Sob o salgueiro, surgiu de repente uma nova silhueta. Quando se fez clara, era evidente tratar-se do Mestre Lihan, líder da Ordem Qingyue.
“Mestre...”, Guihai Qingyuan falou como se reunisse todas as forças.
“Tudo obedece ao ciclo do destino. Na vida passada, você e ela não tiveram um fim feliz... Nesta vida, ainda mais sob o céu do Mar Esmeralda, não há mais como se encontrarem.” Lihan suspirou ao olhar Guihai Qingyuan.
Ele virou o rosto, olhando para a taberna, e, após um tempo, disse: “No fim, fui eu quem a magoou.”
“Magoou, está magoado. Talvez na vida passada tenha sido ela a causa de seu sofrimento, agora é a vez de pagar.” Lihan passou suavemente o espanador, e alguns fios de barba branca caíram.
“Como essas cerdas: o que tem de ser, será.”
“Mas, Mestre...” Ele ergueu os olhos, onde brilhou uma ponta de dor.
Ao envolver-se em assuntos do coração, até o discípulo mais sábio se torna desajeitado.

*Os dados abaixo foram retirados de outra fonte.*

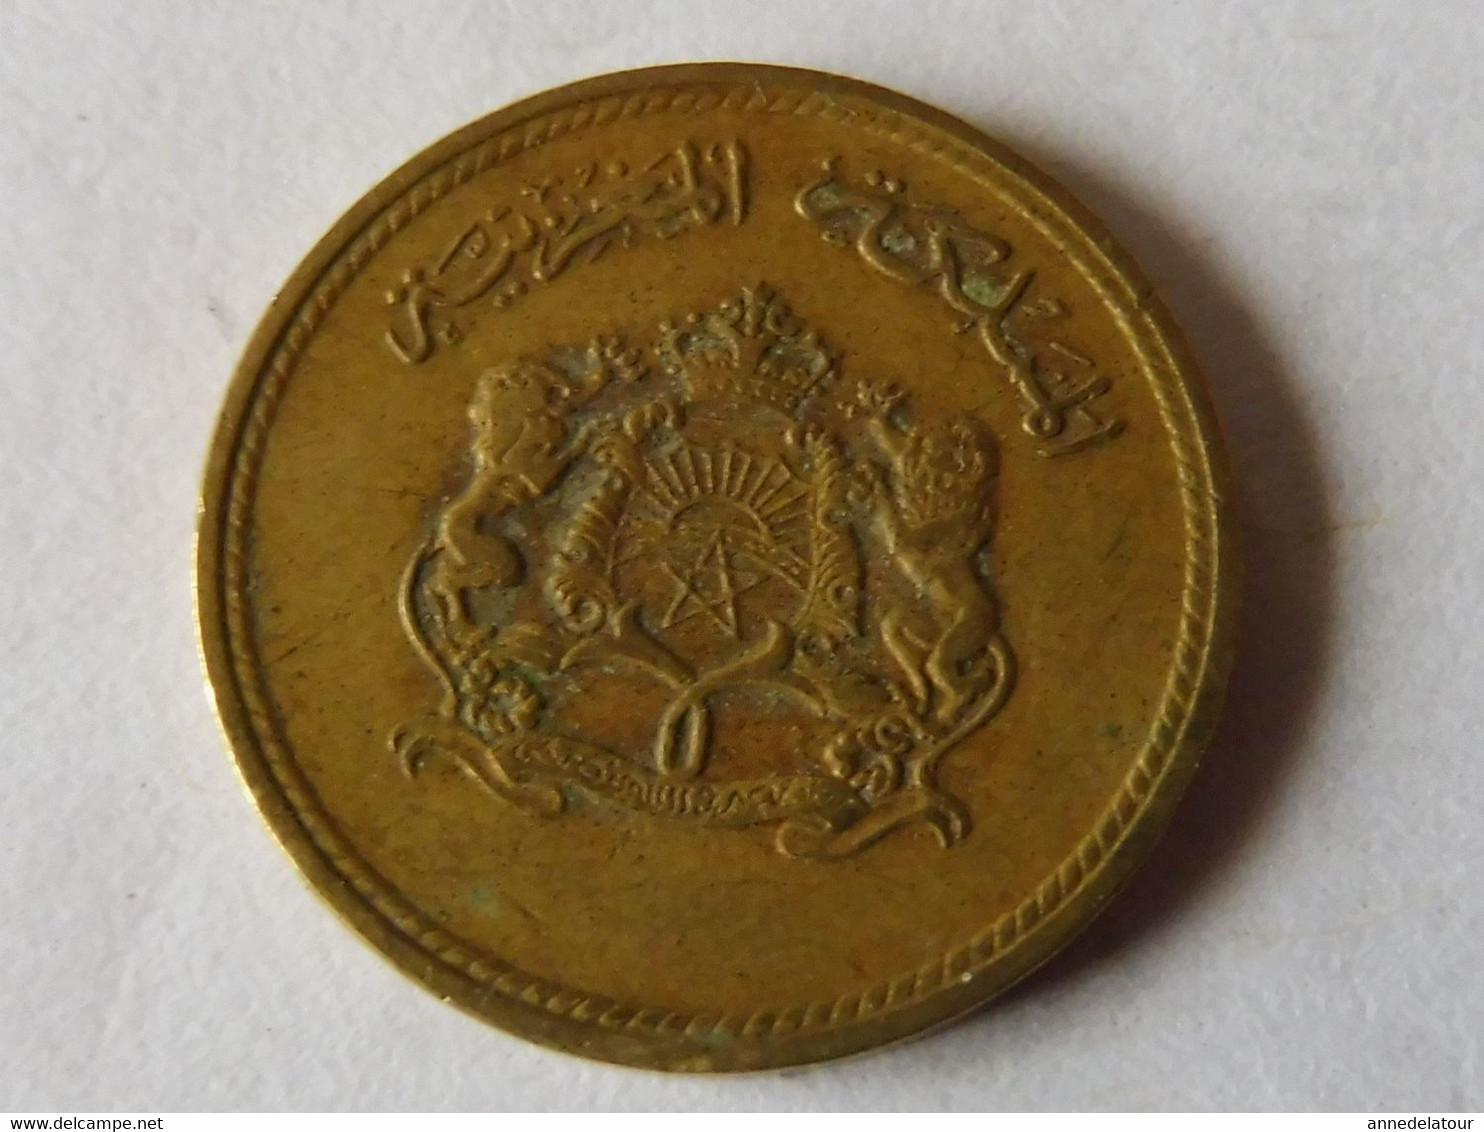 Pièce De Monnaie 1974 - 1394  (5 Centimes 1974 Du Royaume Du Maroc) - Onbekende Oorsprong

Assim, a missão principal do Mar Esmeralda já envolvia dois discípulos. Por isso, de forma alguma permitiria que também ele se envolvesse mais.
Ainda mais porque, este era o ponto de ruptura em seu destino!

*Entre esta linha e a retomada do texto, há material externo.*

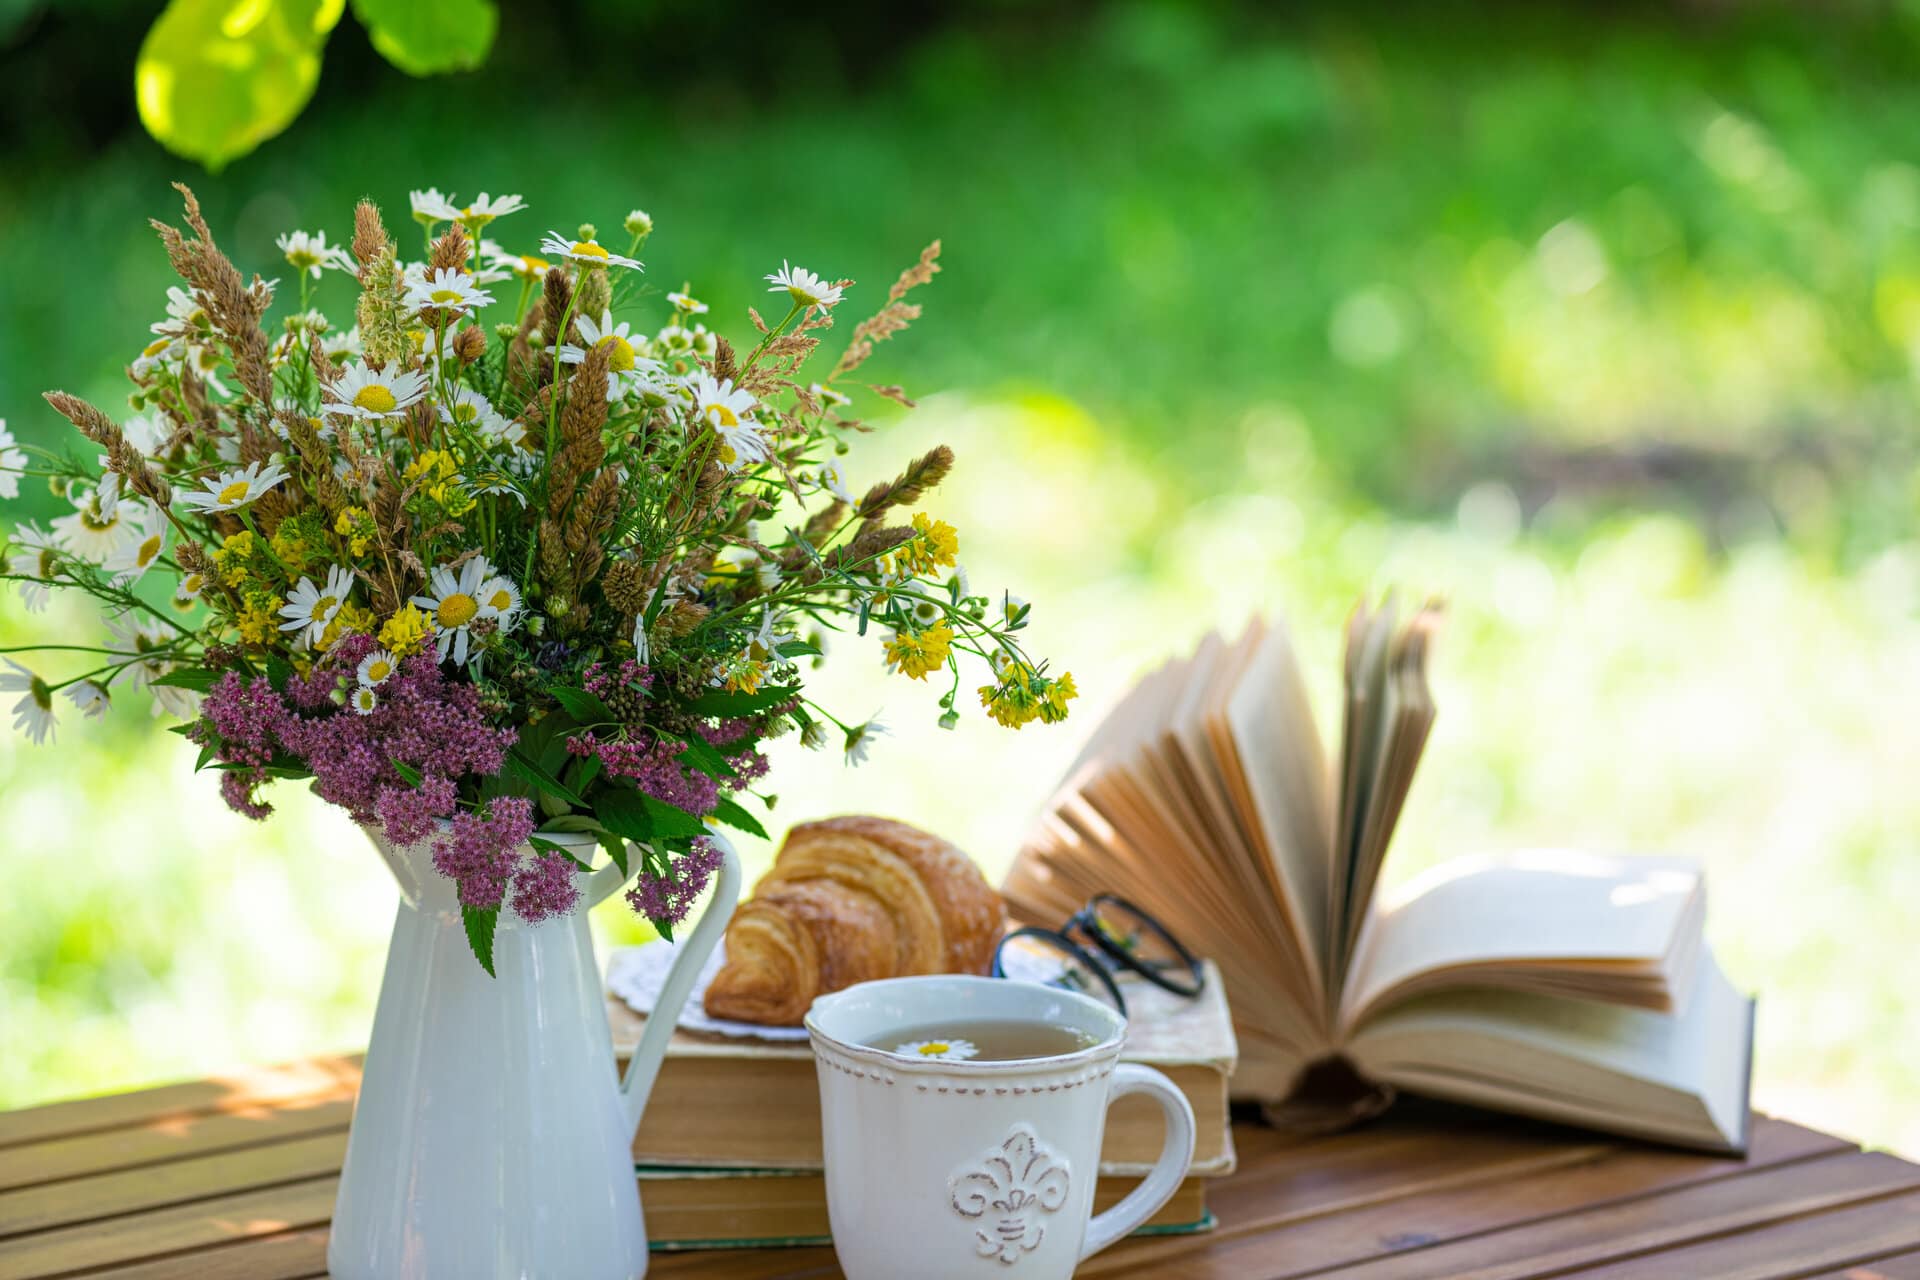 Wiesenblumenstrauß in weißer Porzellanvase auf Holztisch, daneben ein Teller mit Croissant eine Tasse Tee mit Gänseblümchen und ein aufgeschlagenes Buch, im Hintergrund sonniger grüner Garten

Se deixasse, o fim seria a morte!
Lihan suspirou: “Guihai Qingyuan, diga-me, ela é discípula do mestre?”
“Sim.” Qingyuan baixou a cabeça.
“Como mestre dela, como não me preocuparia? Mas, no Mar Esmeralda, os sinais dos céus são bem mais certeiros que os humanos!” Lihan não pretendia ser tão explícito, mas, ao ver que Qingliu se recusava a retornar à Ordem Qingyue para meditar, foi obrigado a falar.

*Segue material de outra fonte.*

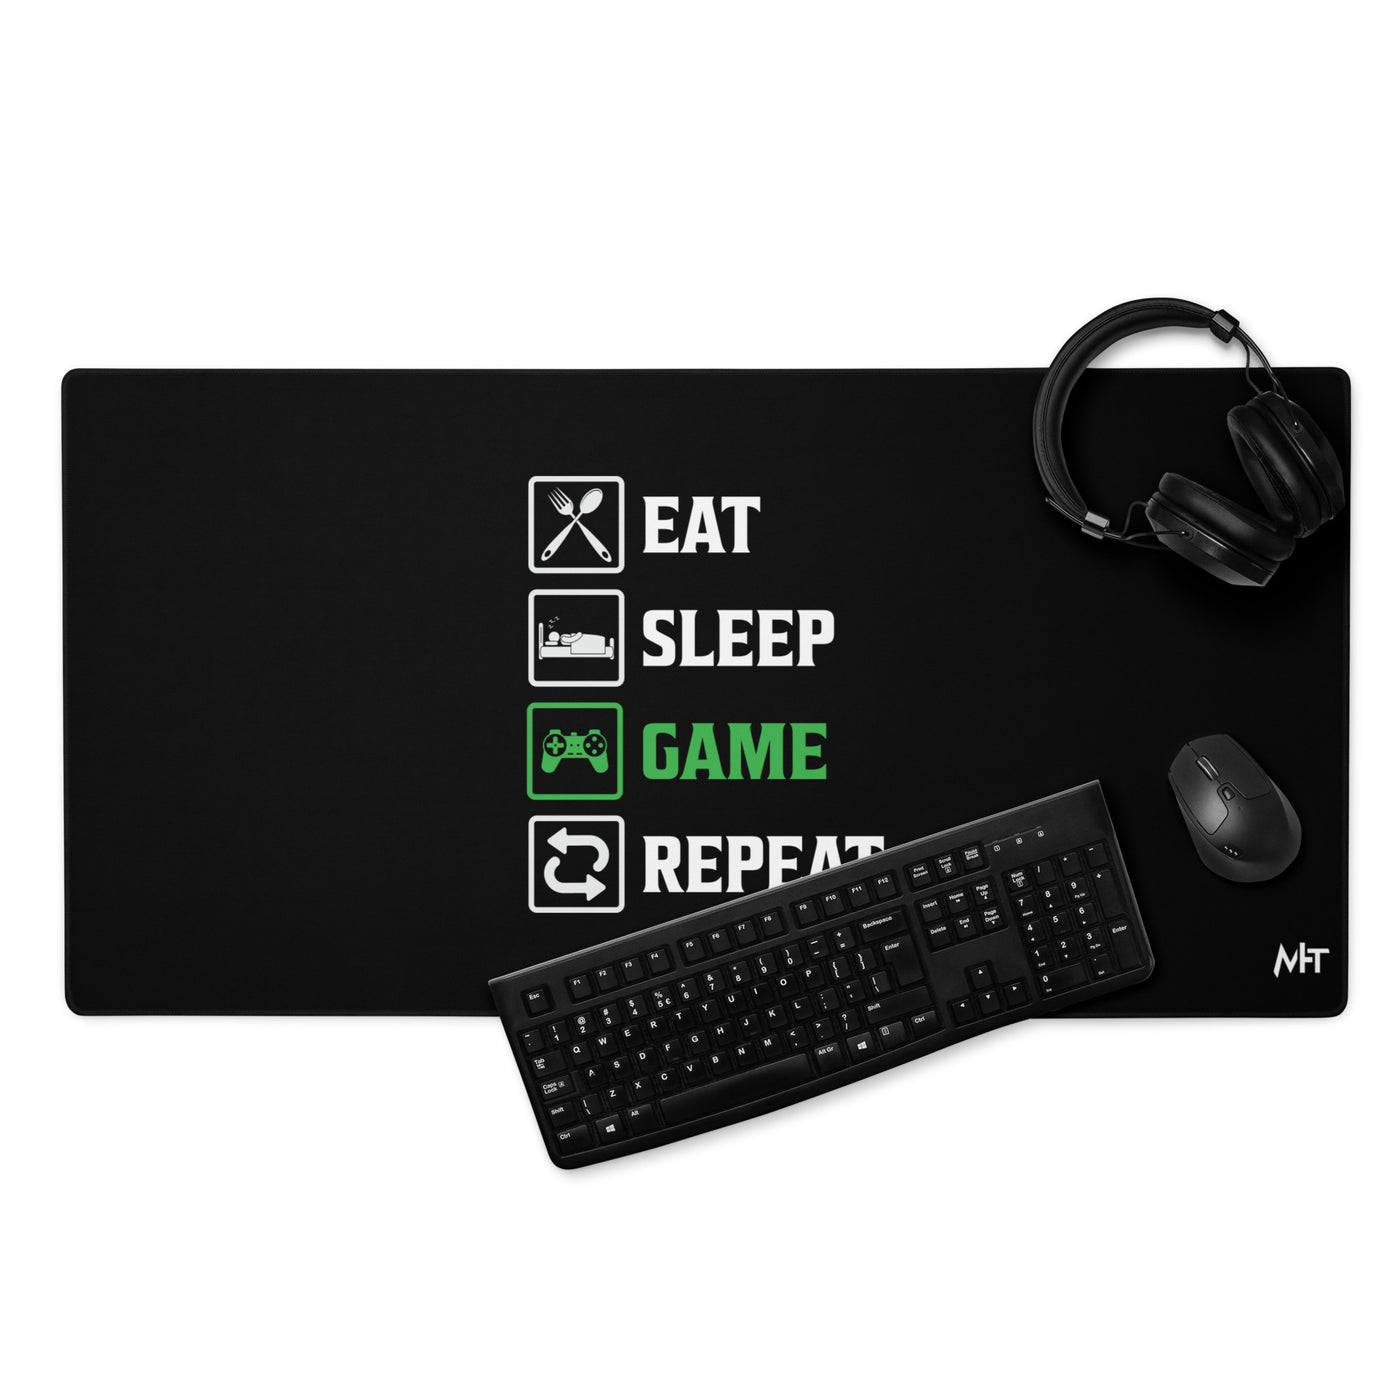 Eat, Sleep, GAME, Repeat - Desk Mat

“Sinais dos céus?” Ao ouvir isso, Qingyuan se animou: “Quer dizer que Jiujio realmente conquistou toda a sorte do Mar Esmeralda... talvez possa até...”
“É a estrela Yinghuo guardando o coração. Venha o que vier, ela resistirá. Quando houver disputas, basta que ela se mantenha à parte. Quando a poeira baixar, será sua vez de prosperar, sem mais preocupações!”
“Ótimo.” Qingyuan finalmente se tranquilizou: “Todo o medo que tinha era por sua segurança. Agora, entendo.”
“Se ela pode prosperar, estas palavras já bastam.”
“E você?”
Guihai Qingyuan ajoelhou-se: “Mestre, sei que transgredi as leis do destino, aceito o castigo.”
Lihan assentiu levemente: “Cem anos de reclusão, sem queixas!” Passadas muitas décadas, o destino de Jiujiu — se seria caos, vida ou retorno — já estaria selado.
Qingyuan curvou-se profundamente: “Obrigado, mestre.”
Cem anos de reclusão, perante a punição dos céus, era realmente uma pena leve.
E o Destino Celestial...
Diz-se: quando o Destino Celestial se move, o passado aparece; quando gira, faz-se o pacto do presente; quando se extingue, não há mais encontro.
Ele viu o fim do Destino Celestial e, por isso, quis arriscar tudo para mudar o laço entre ele e Jiujiu.
Mas, agora...
Deixa estar. Basta saber que ela está bem, e isso é suficiente.